Thanks, everyone! It sounds like I need to work on changing my ways.
Alan


----------



## SnowyRiver (Nov 14, 2008)

I dont know if the TS table is my primary assembly table, since I use the bench quite a bit, but I do use the TS a lot. I have extension tables on the saw that have formica tops on them so the glue wont stick. If it dries on the table, it just easily scapes off with your finger nails. I try not to use the cast iron table saw top if I can help it. If I do need to use the space, I put a tarp over the saw so glue doesnt get on it and it doesnt get scratched by nails etc.


----------



## dbhost (Jul 20, 2009)

I have a workbench, that acts as an outfeed for the table saw. I have periodically overlapped onto the table saw. Sadly on more than one occasion I have spilled glue from a glue up onto the table, and being a ribbed aluminum table it isn't super easy to clean off…

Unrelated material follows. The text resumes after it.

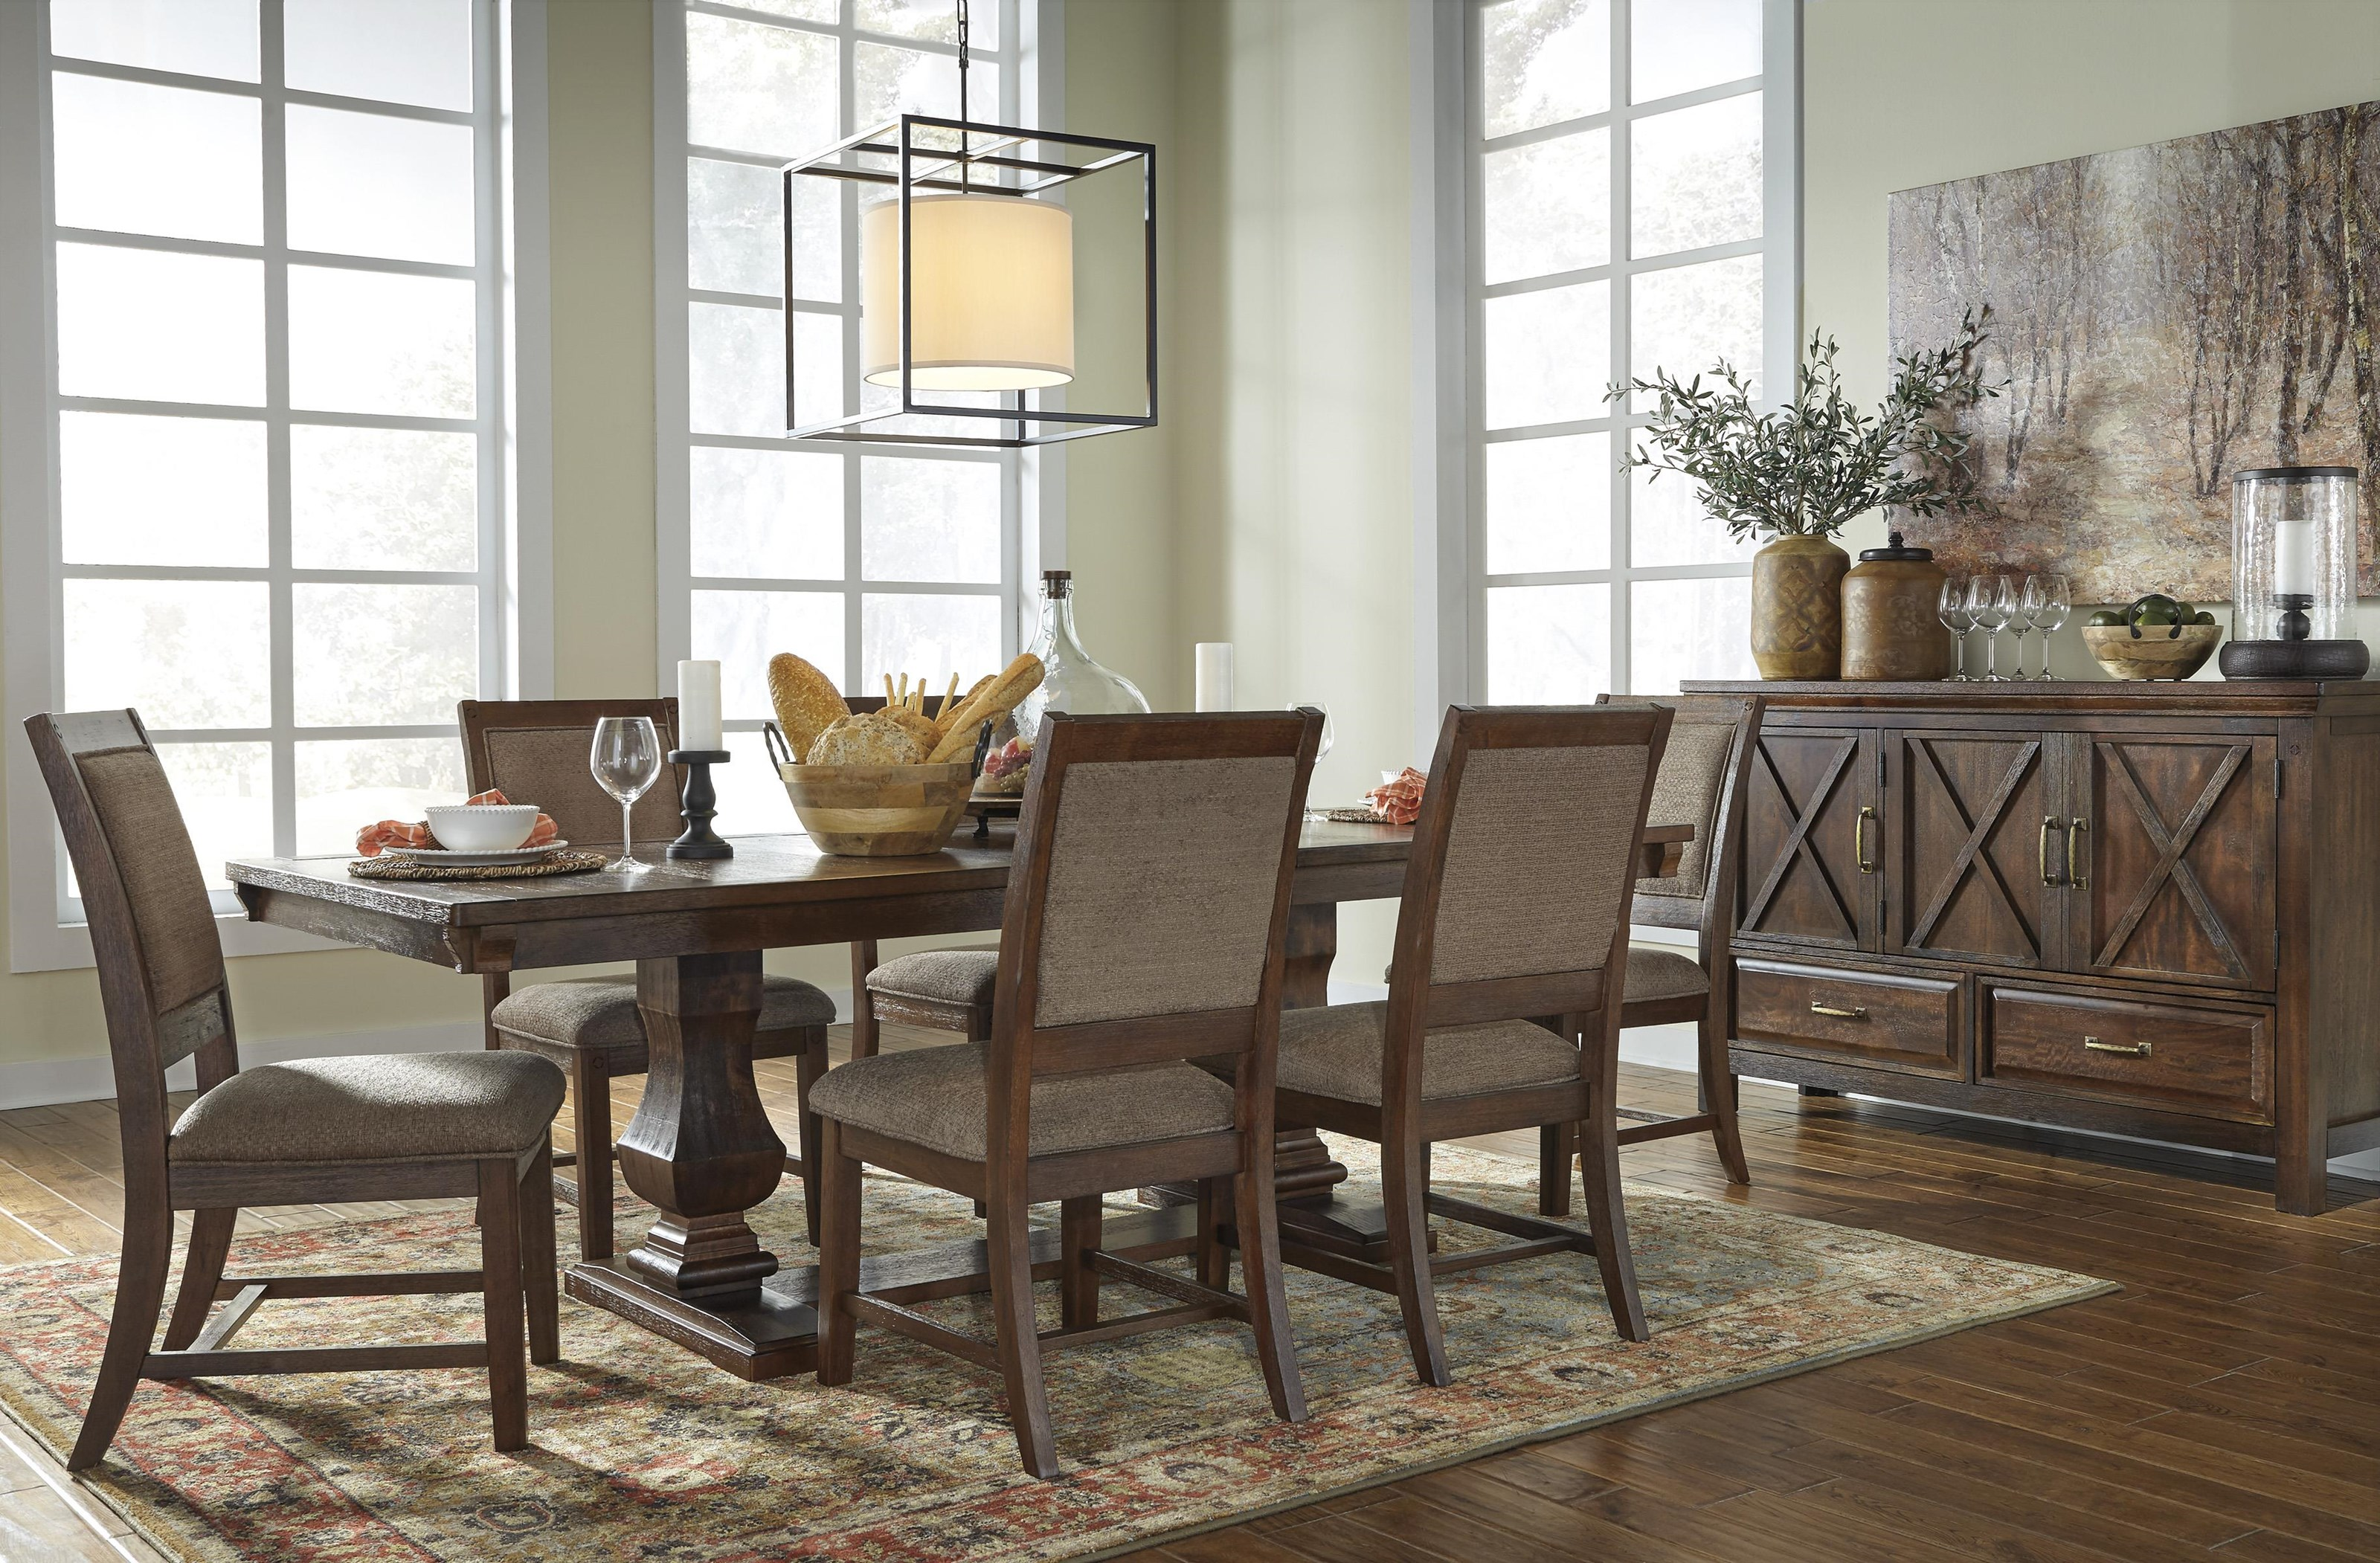 Windville 8 PC Dining Room Set by Millennium at Sam Levitz Furniture
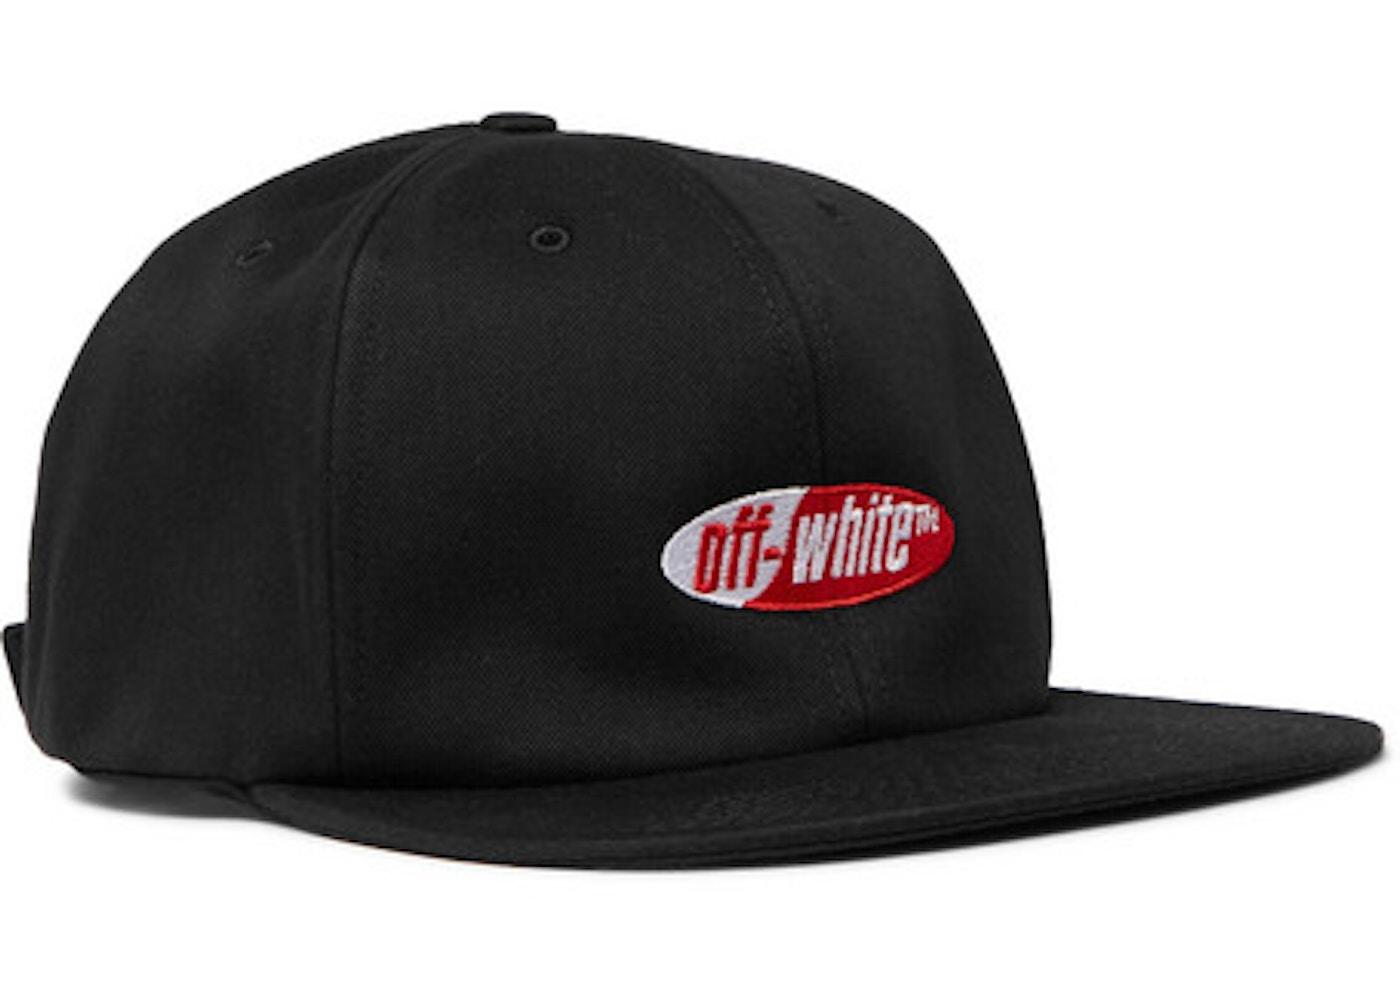 65895d8c OFF-WHITE Logo Embroidered Baseball Hat Black - SS19

I have since gone to laying down a plastic drop cloth over my table saw if I have to use it for overlap…


----------



## oldretiredjim (Nov 14, 2011)

sawhorses and OSB. never the table saw.


----------



## PurpLev (May 30, 2008)

I sometimes use it for assembly - after all cutting/finessing is done. I cover it with a sheet of masonite and do the assembly/glueing on it. I do not work on it though for anything else.

If you'll go to my workshop page you can see the foldable workbench (full size) that I used to use when I had a 1 car garage (in a 2 garage space only had 1 side). tht's another option.


----------